The SURCH program is designed to be effective, not easy, Cisneros admits, but it does produce results in a short period of time. "Legacy methods of care will not work under healthcare reform," he repeats in every presentation and conversation until it becomes a mantra. "The days of '3week9' are over if you intend to be around as ACOs, CJR bundles, and value-based payment systems spread from state to state. If you lay out a 60-day care plan, you fix it in your mind that you have 60 days to get this patient independent. Start with a 30-day care plan and extend it only if you have to. Do you know what ACOs and hospitals in CJR bundle programs say about a two-episode case with 30 visits? They say, 'I hope you made a lot of money because that's the last patient you're getting from us.'"
Patient Outcomes Create Financial Outcomes
In less than a year, the transformation at HHSM is nearly complete. They have achieved:
SURCH procedures that enable results like these include quick response following hospital discharge: early the next morning for most patients, same day for CJR patients; front-loading visits in order to achieve quicker patient independence; and ordering PT and OT services for nearly every patient.

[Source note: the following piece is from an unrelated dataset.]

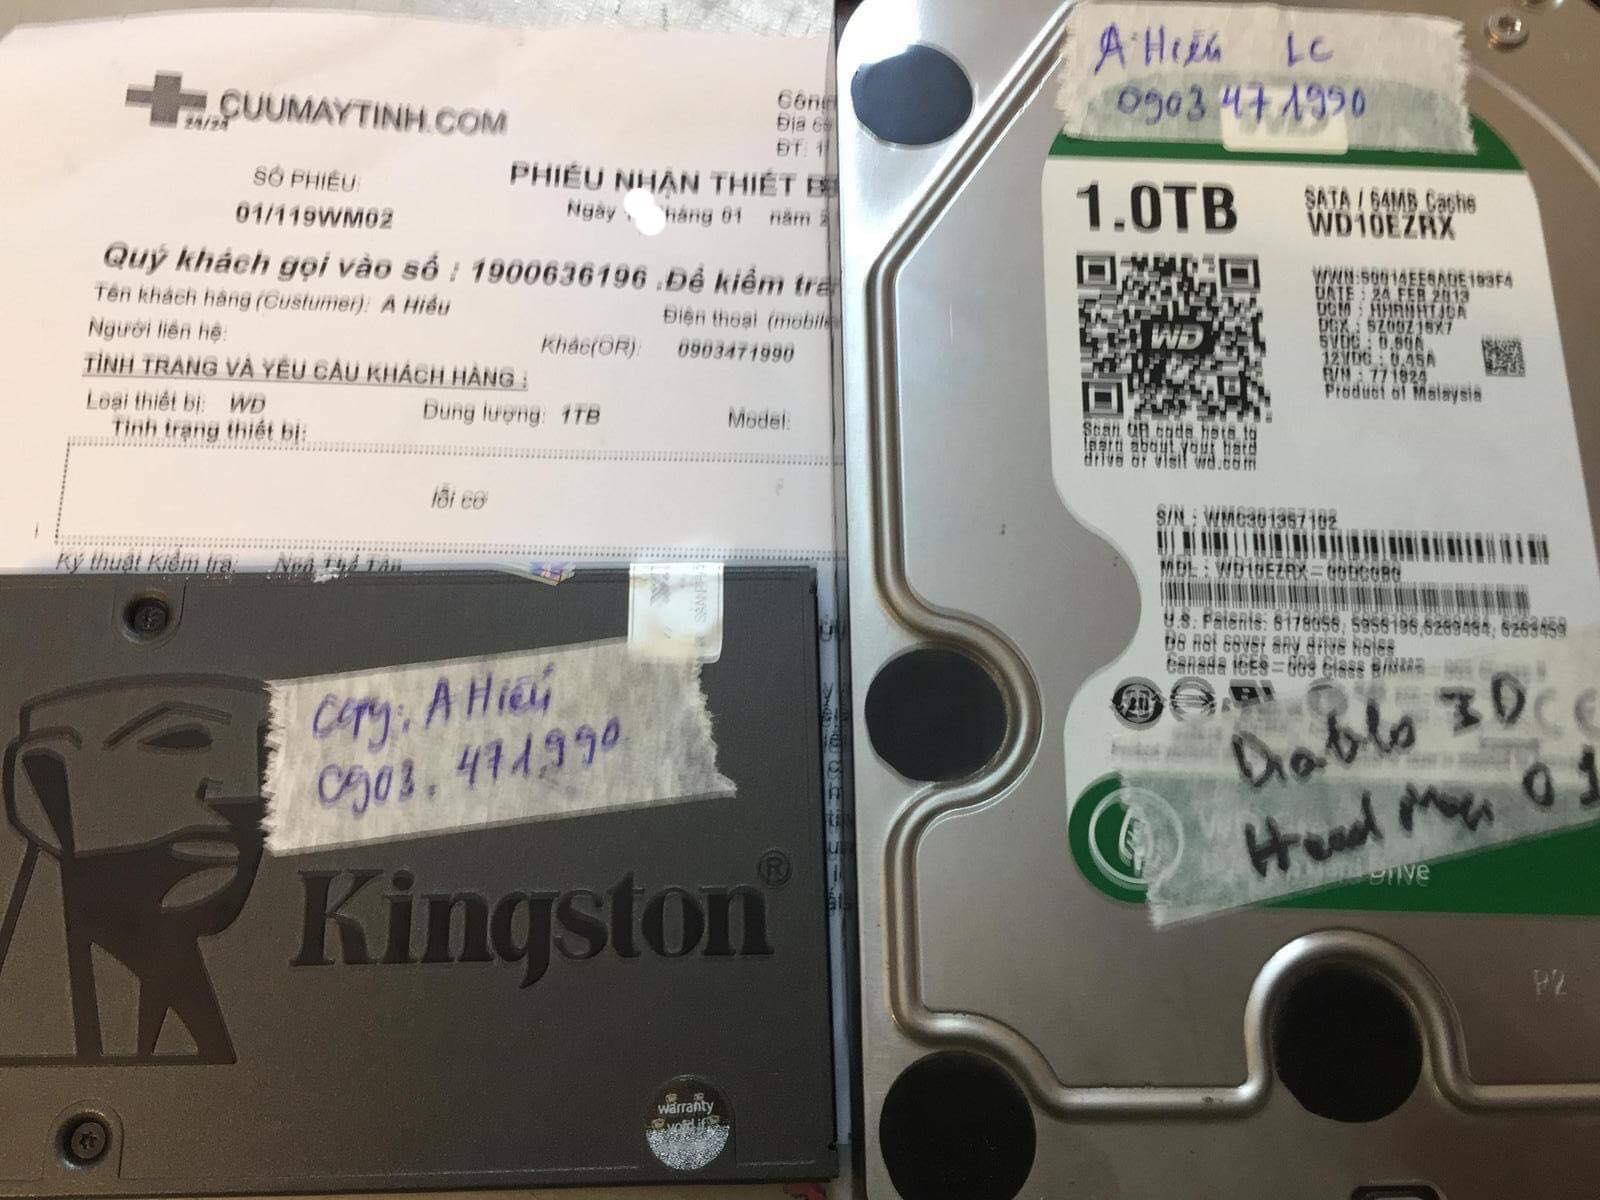 Khôi phục dữ liệu ổ cứng Western 1TB lỗi cơ 15/01/2019 - cuumaytinh
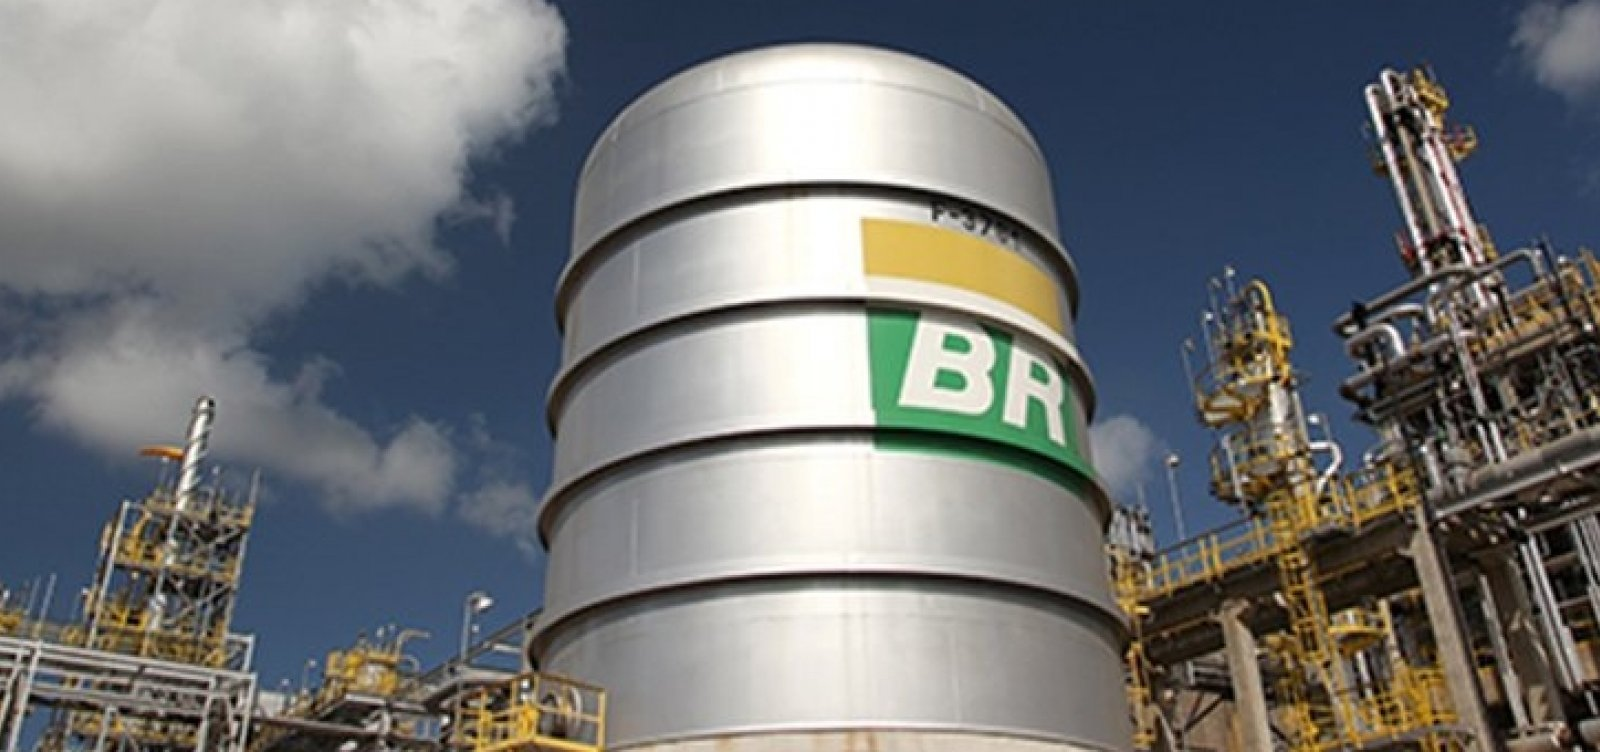 Após rumores de desabastecimento, Petrobras confirma que não atenderá demanda em novembro

Initially, Ms. Sorenson admits, some physicians, one New Hampshire hospitalist in particular, were uneasy with routine PT and OT services for every patient, reasoning, "They did not have therapy services before this hospitalization and they were not admitted for a therapy-related diagnosis." "Yes," she answers them, "but they've been in a hospital bed for four days. Our assessment indicates a fall risk that did not exist before."
Ms. Sorenson was concerned that such a dramatic improvement over a short period of time would raise MAC eyebrows. "I'm sure they would like to find that we are manipulating the system somehow," she smiles, "but when they see our documentation, our bullet-proof documentation, they quietly pay every claim."
About That Census Drop
So, with all this success, we had to ask, why is your census half what it used to be? Cathy Sorenson's explanation is steeped in healthcare reform era thinking. "Our admissions have remained steady," she points out, "but we are no longer wasting payer money by keeping them on service for two and three PPS episodes. We are able to help them meet their goals in 30 days most of the time. That has slashed our per-episode costs more than it has reduced our revenue. So, think about it, the patients are better off, the hospitals and ACOs are happy, the payers are happy, and we are making more money. Don't worry, as word spreads about what we are doing, and referral sources see our 5-star rating, our census will bounce back."